§ MATERIALS PROVIDED
+++
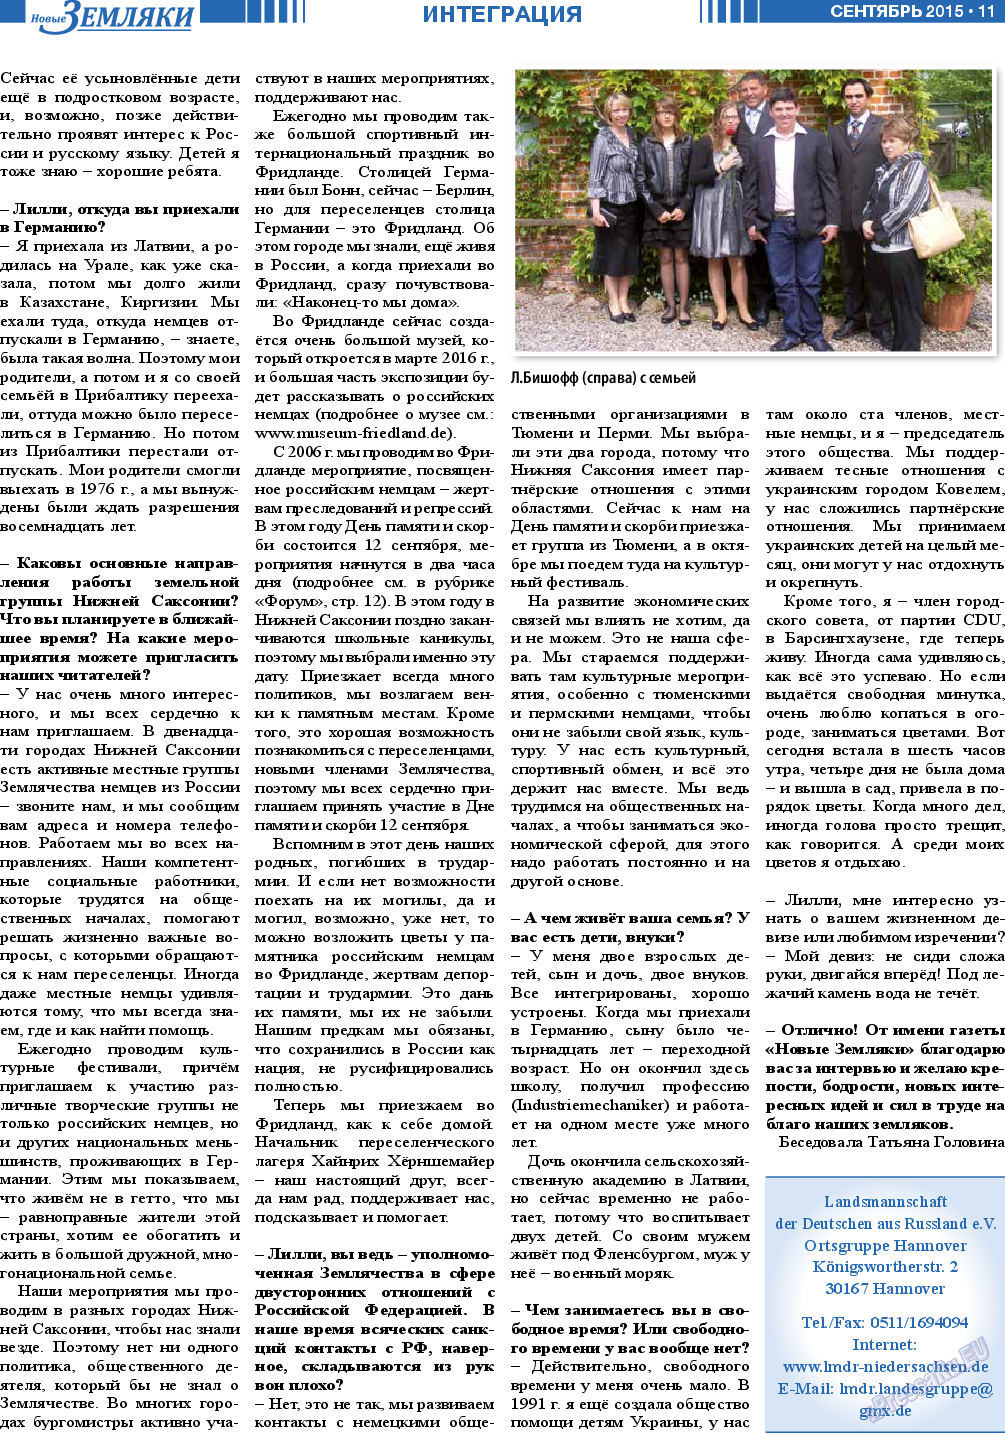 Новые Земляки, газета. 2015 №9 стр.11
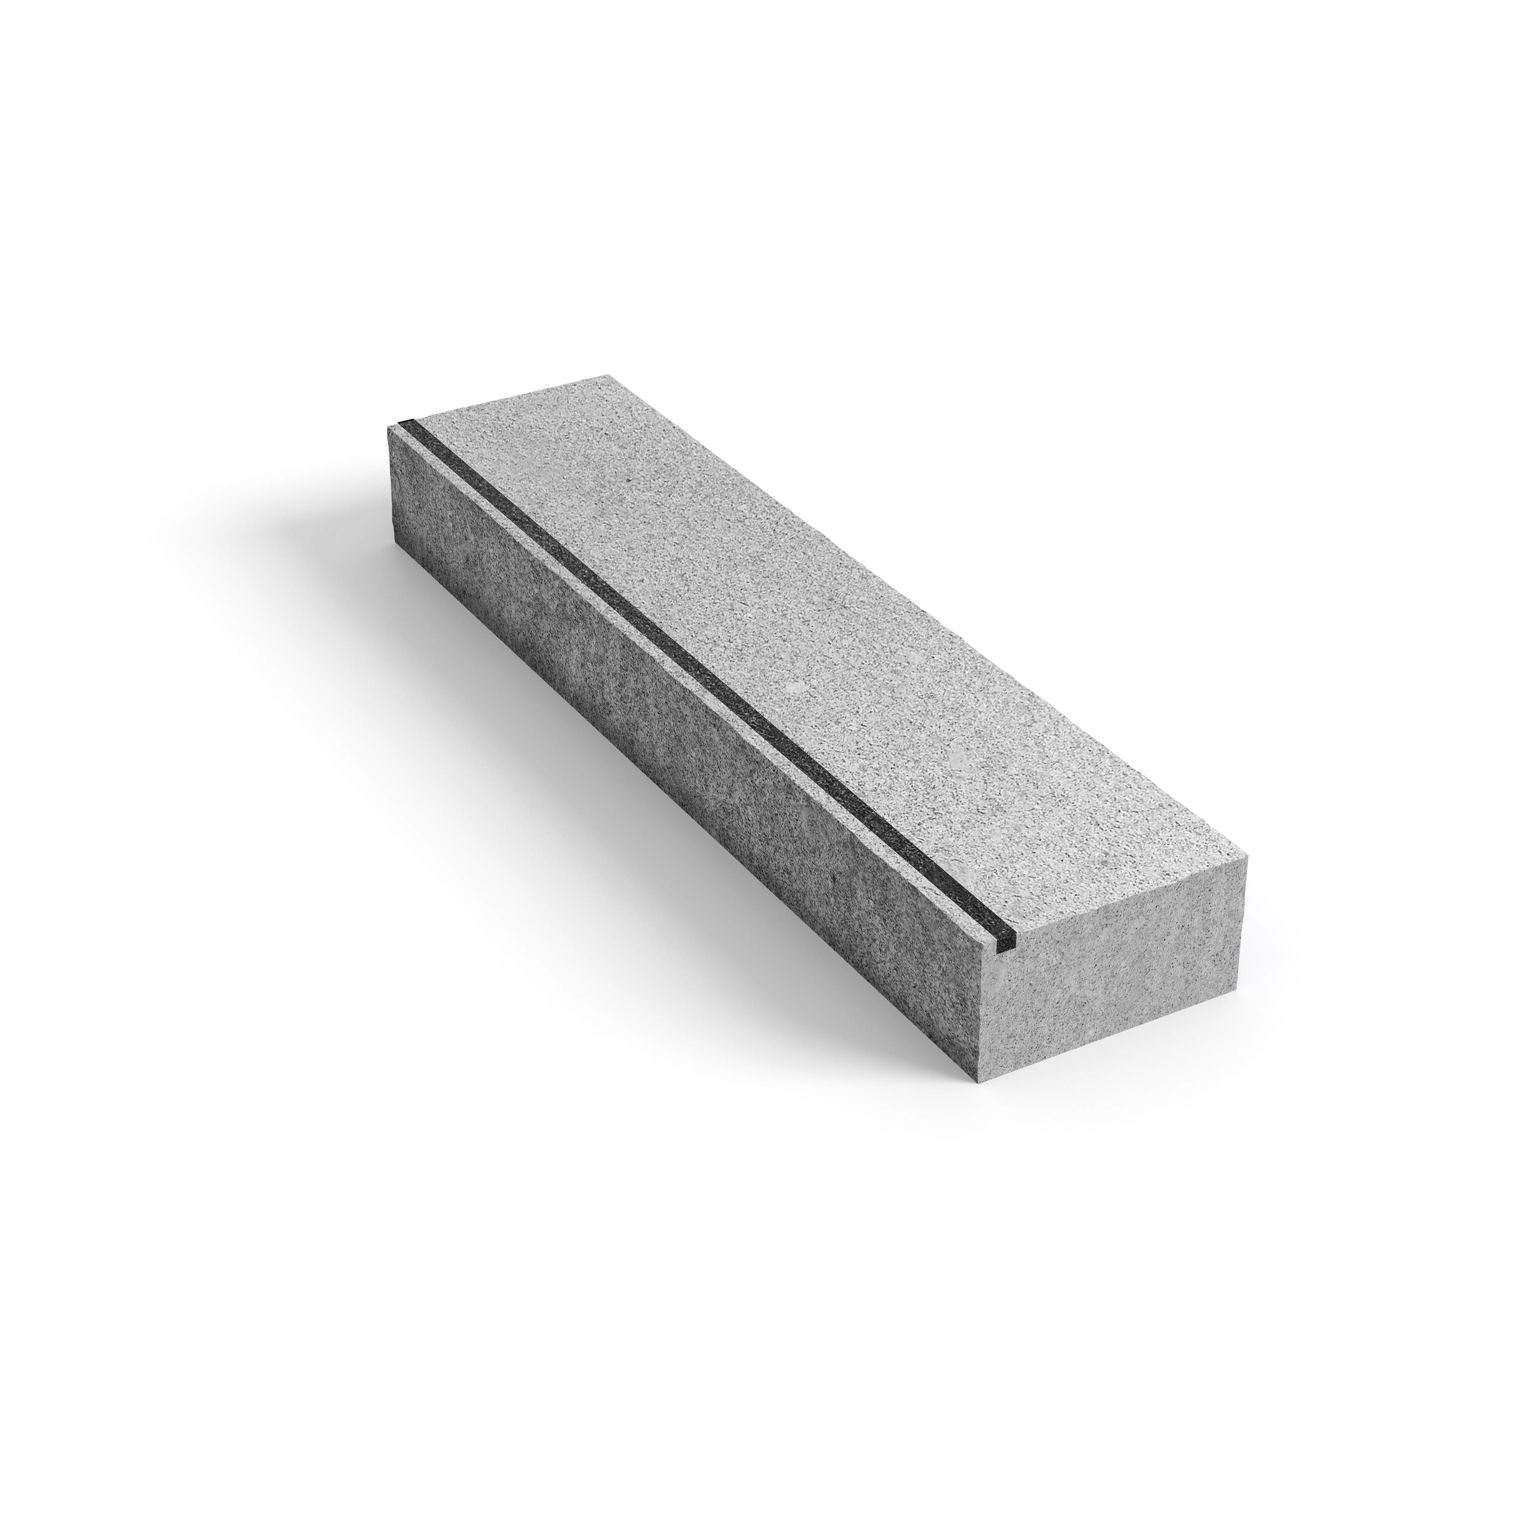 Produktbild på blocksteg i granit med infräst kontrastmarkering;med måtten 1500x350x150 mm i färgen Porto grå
+++
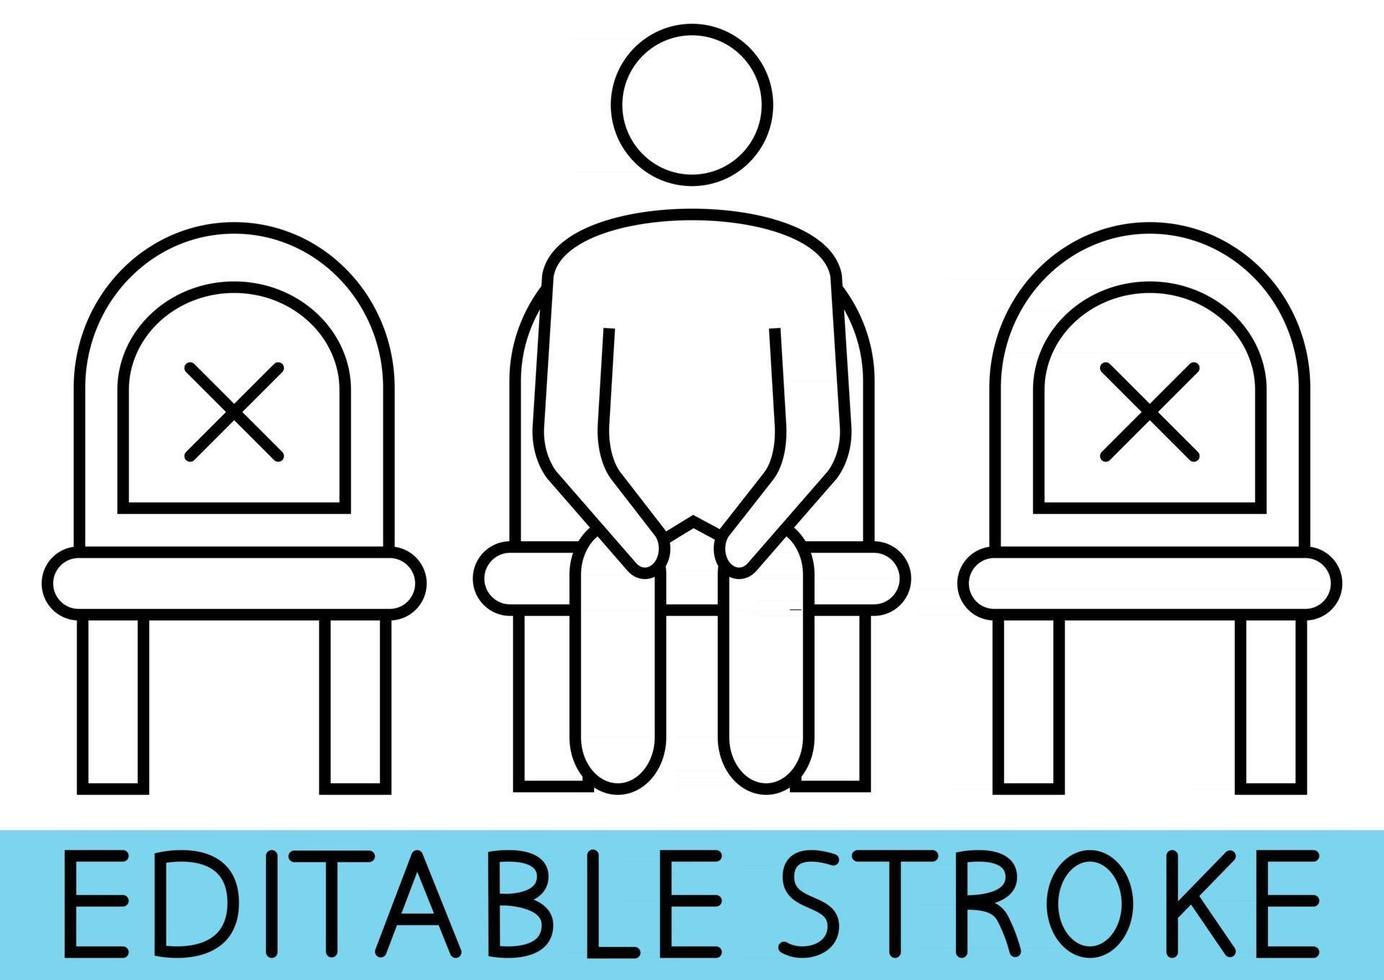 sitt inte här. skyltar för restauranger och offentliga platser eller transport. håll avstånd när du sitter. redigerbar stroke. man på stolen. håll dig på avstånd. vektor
+++
§ WHAT TO DO
Above are records; repeat only the lines from the line with "Новые Земляки, газета. 2015 №9 стр.11" through the line with "Produktbild på blocksteg", and leave pictures out.

§ PROBLEM SOLUTION
 Новые Земляки, газета. 2015 №9 стр.11
 Produktbild på blocksteg i granit med infräst kontrastmarkering;med måtten 1500x350x150 mm i färgen Porto grå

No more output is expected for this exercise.